Outro fator que garante a produção e a auto-suficiência é que as reservas de petróleo têm aumentado. O volume total, que em 2002 era de 11 bilhões, agora está em 13 bilhões, apesar da produção de 1,2 bilhão de barris do período. Segundo os técnicos, o índice de reposição de reservas da Petrobras é um dos maiores do mundo: o volume conhecido atualmente é suficiente para 21 anos de consumo.

Um combustível do nacionalismo

Riqueza finita, petróleo sempre provocou discussões inflamadas

A exploração do petróleo - tida como uma questão de estratégia e soberania nacional - sempre provocou discussões inflamadas no país. Foi assim na primeira metade do século passado, quando alguns que defendiam a exploração chegaram até a hostilizar empresas estrangeiras instaladas aqui. A luta culminou na criação da Petrobras e no monopólio em 1953, como resultado da campanha "O petróleo é nosso".
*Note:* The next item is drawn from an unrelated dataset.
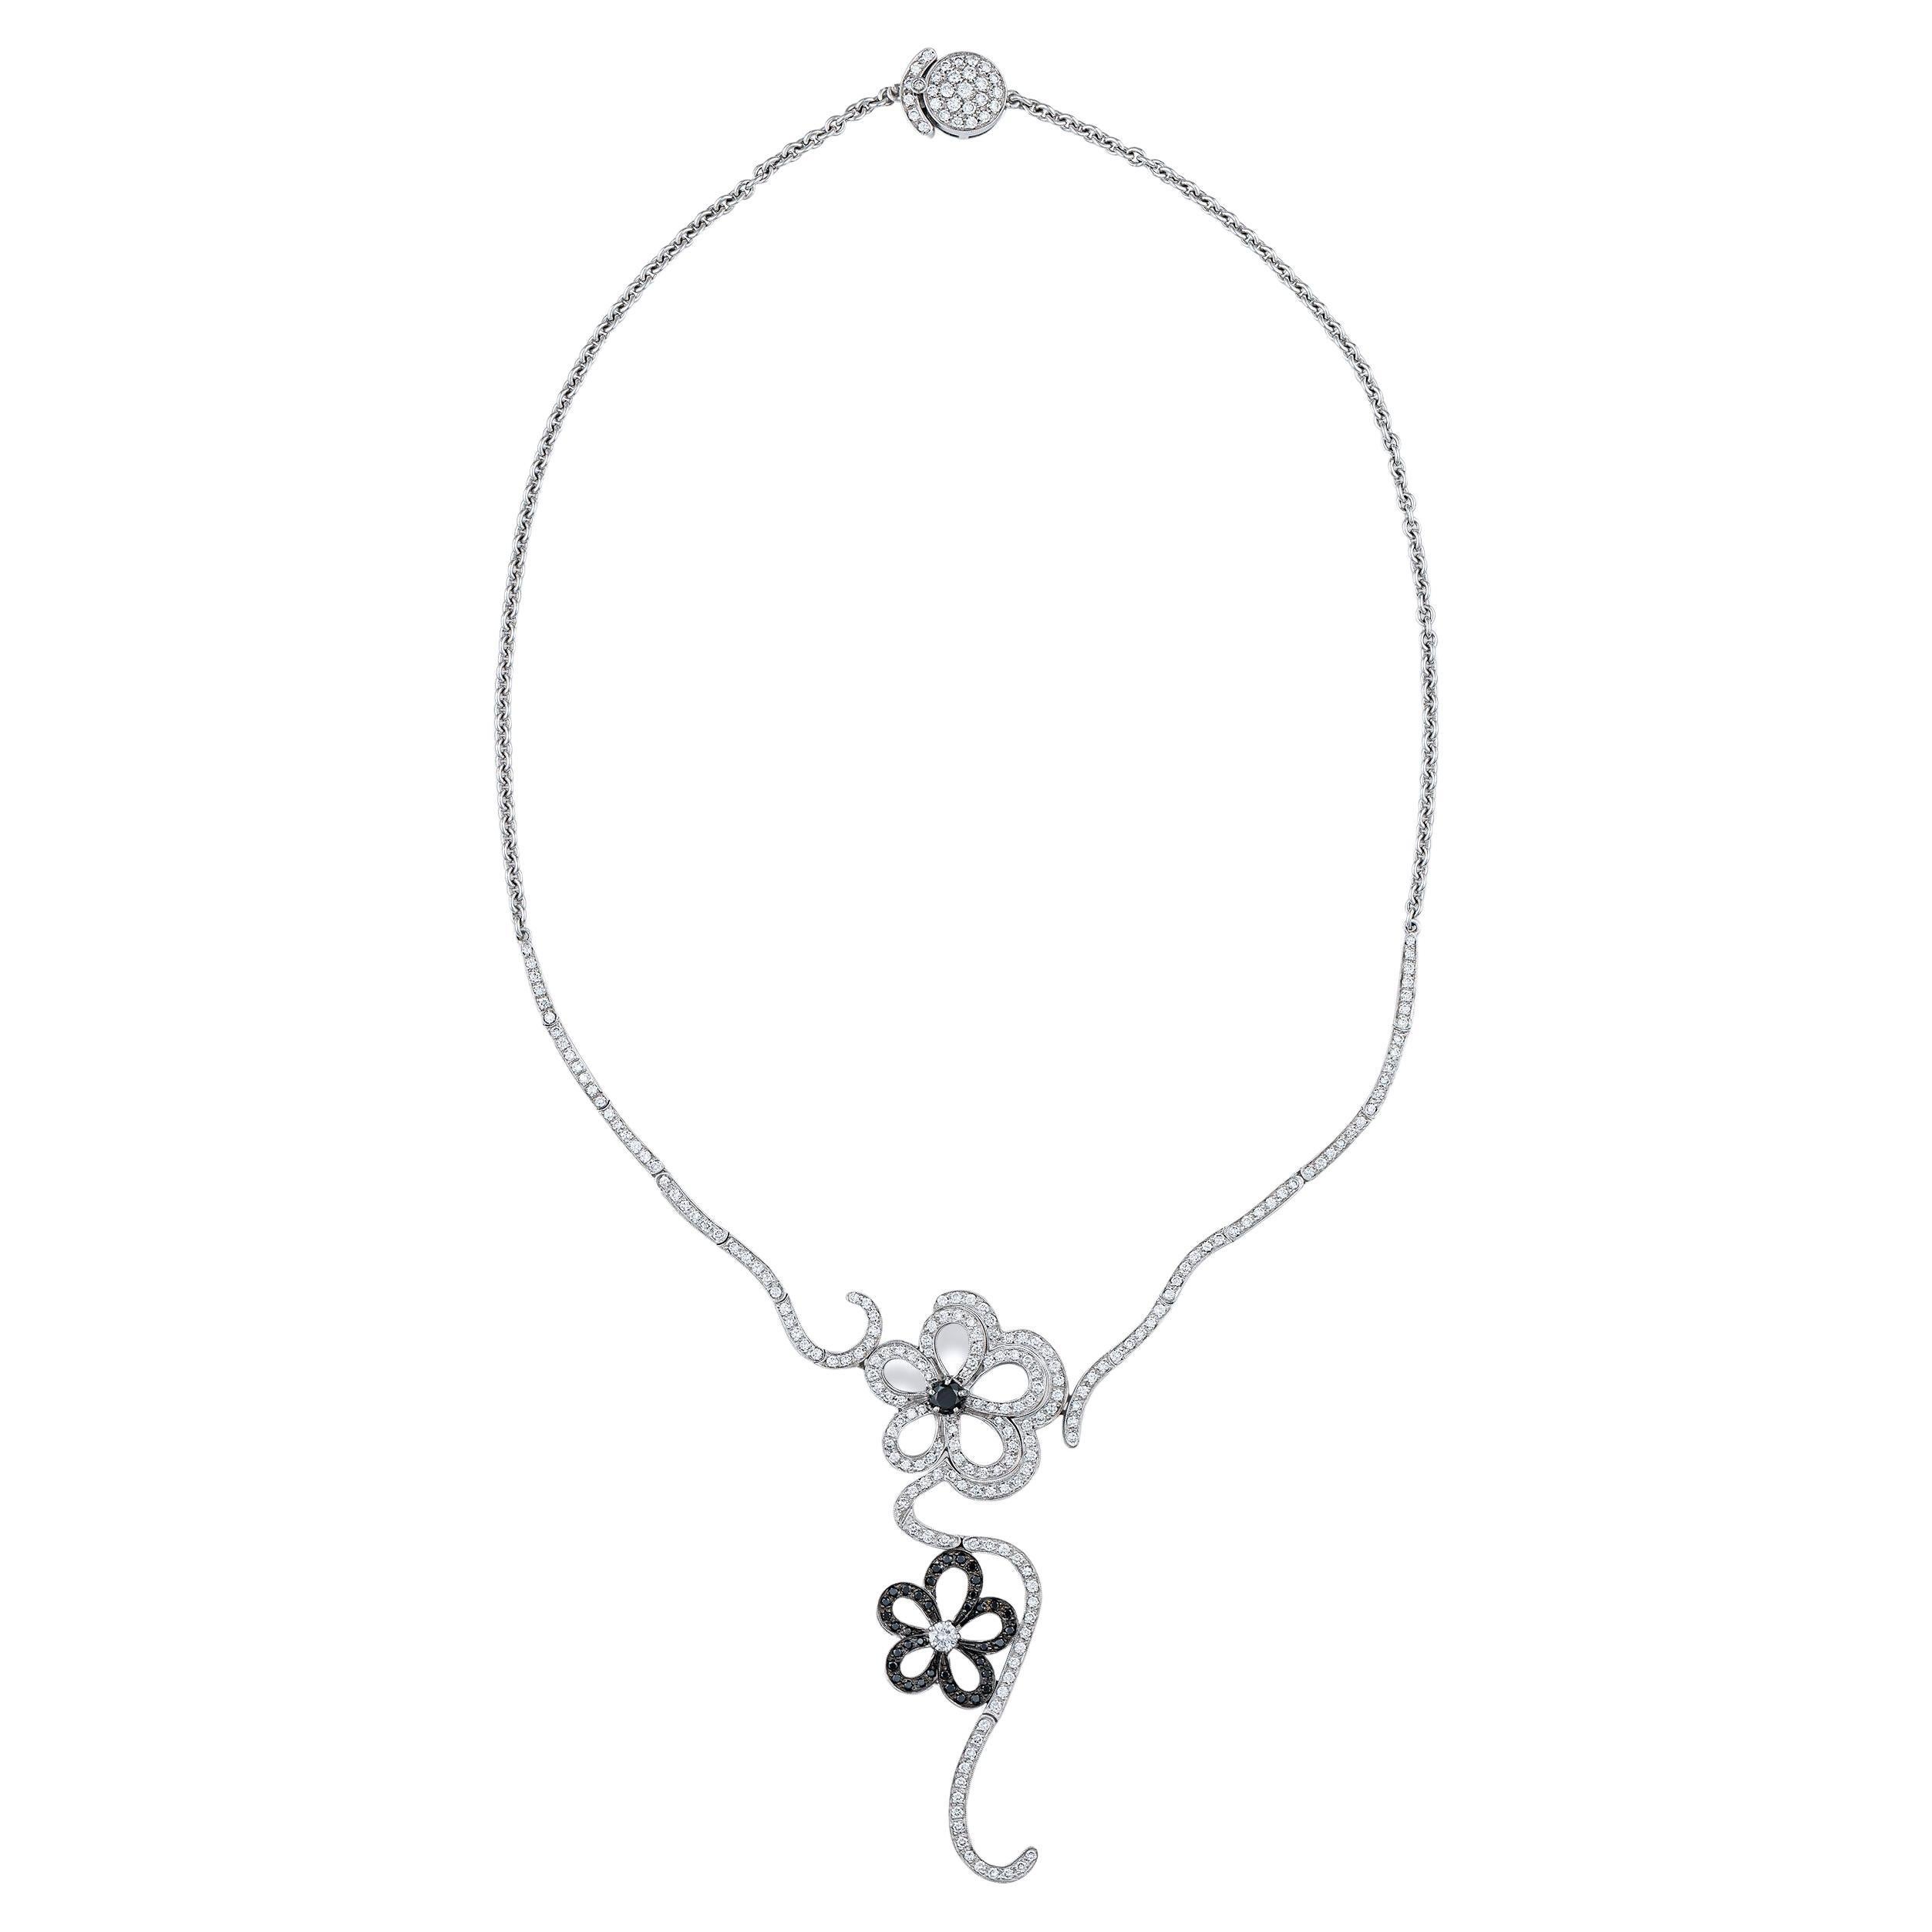 Floral Motif White and Black Diamond Necklace For Sale

E o nacionalismo chegou até os anos 90. O Congresso sofreu grande oposição para aprovar a lei 9.478 em 1998, que acabou com o monopólio da Petrobras. Aliás, a discussão continua até hoje quando se questiona se o país deveria deixar estrangeiros explorarem o petróleo, uma riqueza finita.

Um dos pioneiros do debate foi o escritor Monteiro Lobato (1882-1948). Contrariando os que diziam que o país não tinha petróleo, Lobato criou em 1932 a Companhia Petróleo Nacional, usando recursos próprios para furar um poço na Bahia. Mas não encontrou o que buscava. Escreveu, então, ao presidente Getúlio Vargas, queixando-se de que interesses estrangeiros dificultavam a empreitada. Acabou sendo preso. Pouco antes de morrer, deu os primeiros passos da campanha "O petróleo é nosso". Antes, em 1939, descobriu-se petróleo pela primeira vez no Brasil, na localidade de Lobato, no Recôncavo Baiano.

Mas as grandes descobertas de petróleo no país seriam feitas no mar. Nos anos 70, foi descoberta a Bacia de Campos, responsável hoje por 85% da produção nacional. (R.O.)